Beige Book Report: New York
April 11, 1973
The Second district directors that were recently contacted continued to point to a strong business outlook. Consumer spending and business plant and equipment outlays were said to have remained at a high level, and the devaluation of the dollar in general was expected to lead to an improved international trade balance. However, there were continued reports of further tightening in labor markets, of growing shortages of fuel and raw materials, and of imbalances between the demand and supply of food which current consumer resistance to high food prices would do little to correct. As a result, concern over mounting inflationary pressures, and skepticism over the capability of Phase 3 to cope with such pressures, continued to be expressed.
Retail sales were reported as generally strong, and it was noted that the income tax refunds now being paid would provide added stimulus in the months ahead. One director felt that the currently high level of auto sales—which he characterized as of boom proportions—in part reflected some "buying ahead" in anticipation of higher prices resulting from the additional antipollution and safety equipment scheduled for the 1974 and 1975 models. As in previous months, a number of directors reported that retail sales were stronger in the suburban shopping areas than in inner-city outlets. One director noted the recent softening of consumer confidence, probably reflecting concern over inflation, indicated in some recent surveys; however, this director felt that consumer spending would nonetheless be strong.
The trend of business plant and equipment spending was also characterized as strong by a number of directors. A similar assessment was implicit in reports of the Buffalo branch directors, who observed that while there seemed to be a pervasive gloominess among businessmen in their area, these same businessmen were forecasting continued strength in their own companies' performances. The chairman of the board of a large oil company noted the adverse effect of environmental controls on capital outlays in the petroleum industry, which were severely hampering the construction of deep ports to accommodate super tankers, new drilling operations, and the construction of the Alaska pipe line.
A number of directors reported that employment has continued at a high level in their area, with the availability of certain types of workers falling short of demand. A senior official of a large upstate manufacturer felt that the job market in general was gradually tightening, with skilled workers in short supply. Two upstate bankers characterized employment as at a very high level, with continued tight market conditions expected for the balance of the year. Another respondent noted that unemployment in the Buffalo area still remained relatively high, but looked for this situation to improve as steel and auto plants increased hiring. However, most directors commenting on the employment outlook for students this summer took a gloomy view of prospects in that area, partly because of cutbacks in federally funded student summer employment programs. Some of the directors observed that substantial youth unemployment over the summer was one of the most serious problems facing cities in their areas. The senior official of the large upstate manufacturing firm, however, felt that the outlook for student employment this summer was probably the best since 1969.
There were also further reports of growing raw material shortages, including petroleum products, wood products, and nonferrous metals.
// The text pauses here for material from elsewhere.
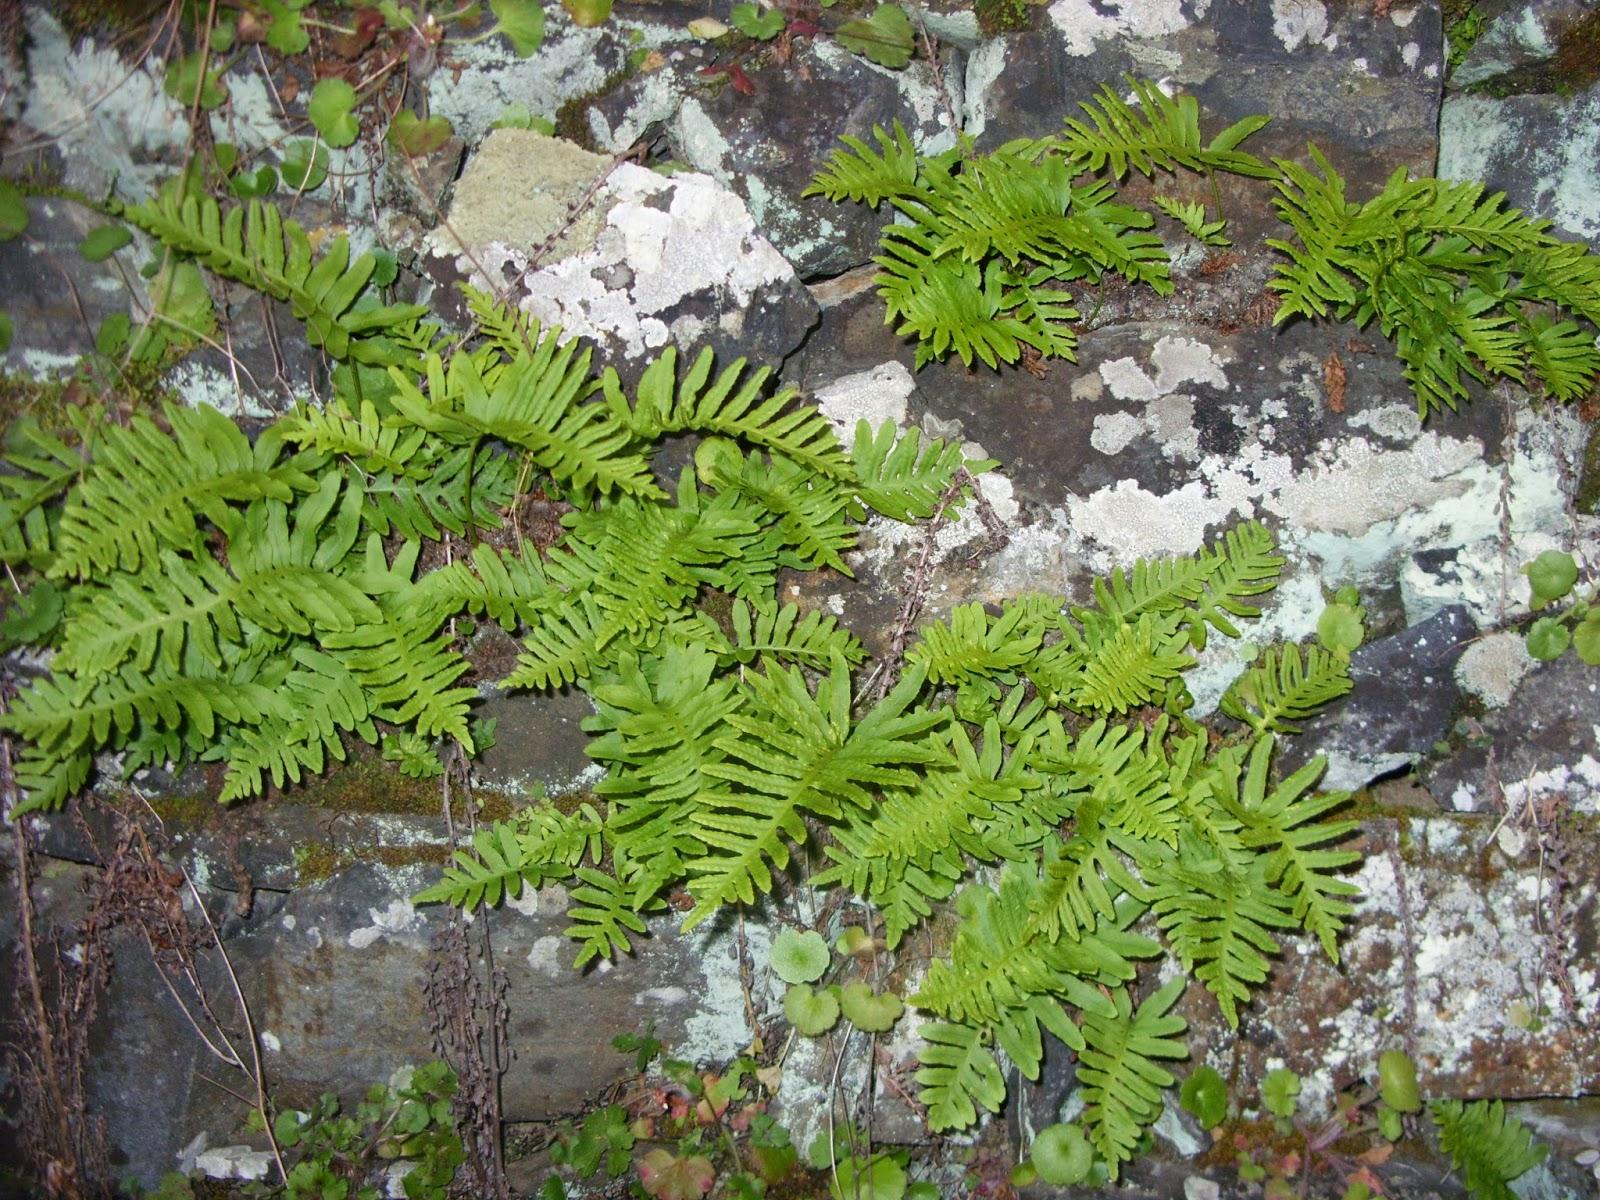 Muros de Pedra - aumente a biodiversidade do seu jardim

In the latter context, the president of a multinational nonferrous metals producing corporation reported there were indications that "hot money" had moved into the future markets for such metals. The same director also stated that widespread raw material shortages—rather than plant capacity—seemed likely to lead to production bottlenecks over the coming months, and that the energy crisis was the single most important problem on the economic horizon.
Concerning the impact of the recent dollar devaluation, a New York City banker reported that this move would tend to produce a "one shot" increase in his institution's earnings by virtue of its effect on income from its overseas investments. He expressed concern, however, over the extent to which this development might give rise over the long run to more widespread use of controls on the international flow of funds. The official of the oil company reported that the recent international monetary steps should eventually help improve the country's trade balance, although he felt labor costs and productivity remained the crucial factors in any lasting improvement. According to this director, one immediate effect of the devaluation has been to exert significant upward pressures on oil import prices. Similarly, the president of a multinational nonferrous metal producing firm stated the devaluation had heightened the pressure on raw material prices, particularly those of nonferrous metals.
Against this background, concern over the prospects of mounting inflationary pressures in general continued unabated. The New York banker felt that Phase 3 appears to have triggered a new wave of inflationary expectations, and stated that inflation was currently the major economic and financial problem facing the Nation. Another director felt that the elimination under Phase 3 of the day-to-day administrative delays in granting price increases was contributing to the rapid rise in prices (and would also contribute to a sharp increase in profits). According to most of the Buffalo branch directors, growing consumer resistance to high food prices by itself would not have a lasting effect. However, the directors felt that recent moves by the Administration to increase the supply of feed grains and imported beef should tend to bring about a leveling of prices by the last quarter of the year.